Over time, XML markup language has acquired a considerable importance in applications development, standards definition and in the representation of large volumes of data, such as databases. Today, processing XML documents in a short period of time is a critical activity in a large range of applications, which imposes choosing the most appropriate mechanism to parse XML documents quickly and efficiently. When using a programming language for XML processing, such as Java, it becomes necessary to use effective mechanisms, e.g. APIs, which allow reading and processing of large documents in appropriated manners. This paper presents a performance study of the main existing Java APIs that deal with XML documents, in order to identify the most suitable one for processing large XML files.

The full paper can be downloaded here.

What is New in 2.11

Version 2.11, simultaneously available  in C, Java, C++, and C#, is the latest release of VTD-XML. So what is new? The shortly answer: (1) It is more standards-compliant by conforming strictly to XPath 1.0 spec’s notion of node(). (2) It  introduces major performance improvement for XPath expressions involving simple position index.(3)This release introduces major performance improvement for XPath expression containing complex predicates involving  absolute location path expressions. (4) It also contains various bug releases as reported by VTD-XML users.

Change to Node() Interpretation

Before 2.11, node() in a location step in an XPath expression will be interpreted as equivalent to *, i.e., an element node with any name. With 2.11 the same node() will be interpreted either one of “element(), text(), comment(), or processing-instruction(), as defined by XPath 1.0 spec.

Performance Improvement for Simple Position Index

A quick example is “a[2]/b[1].”  A simple position index is basically a constant index value in predicate. 2.11’s XPath engine is now smart enough to detect this use case and allow for early escaping from the execution loop, resulting in faster execution performance. The amount of improvement depends on how frequent the simple index is used in each location step. In some cases, a 50% to 70% execution speedup is possible.
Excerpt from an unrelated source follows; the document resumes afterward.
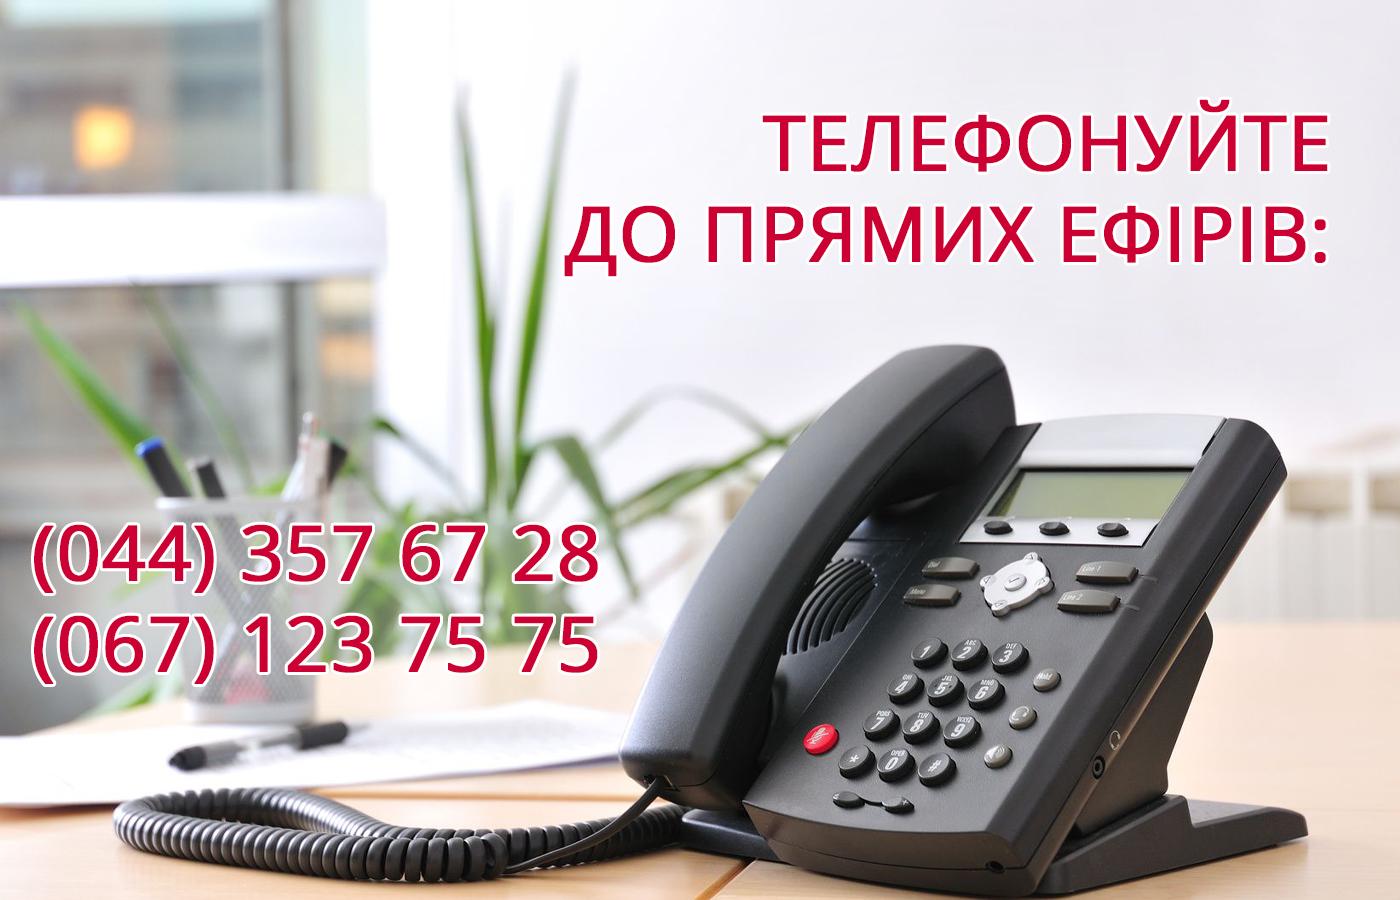 Контакти-2021

Performance Improvement for Predicates Containing Absolute Path Expressions

A quick example is //a[//abc/@val=’1′]. Notice that predicate contains //abc, which is an absolute path expression. Before 2.11, this expression will trigger repetitive evaluation of //abc to determine whether the predicate is true or false.  The processing cost would increase rapidly with respect to the size of the document. This release would intelligently cache the evaluation result so the corresponding XPath  is evaluated only once. Please notice that this feature is enabled by default, if you can turn it off (we don’t recommend it)  by invoking AutoPilot’s enableCaching’s method and give it a “false.”
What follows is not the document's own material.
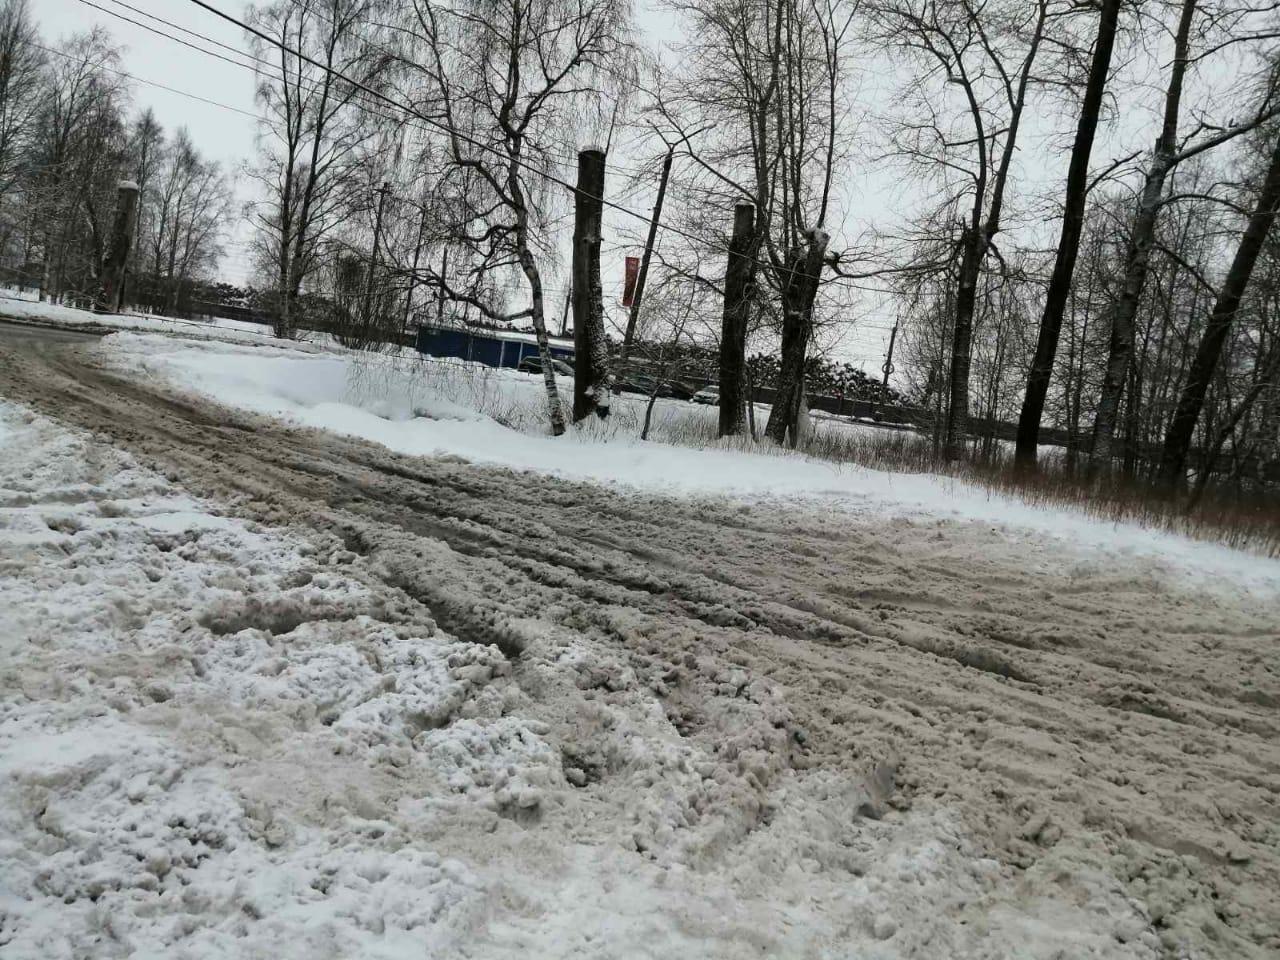 Так выглядит дорога на улице Чкалова, где сложно ходить

How much of an improvement can you expect to see? Depending on size of documents, complexity of predicates and other things. Sometime you will be achieve astonishing results. Consider the following expression.

//CDResults[../../../TargetName/@Value=”//SiteInformation[“TargetName/@Value!=//SiteInformation[1]/TargetName/@Value and TargetName/@Value!=//SiteInformation[TargetName/@Value!=//SiteInformation[1]/TargetName/@Value”][1]/TargetName/@Value][1]/TargetName/@Value]/BottomCD/@Value

Running this document on a 22MB xml document  in Java would take many hours in virtually all XPath implementation including 2.10 version of VTD-XML. With 2.11, it took less than 5 seconds on a commodity, 3 year old PC.

Bug fixes

There are other bug fixes, covering XMLModifier’s deletion capabilities and permissiveness of deletion of sub-nodes.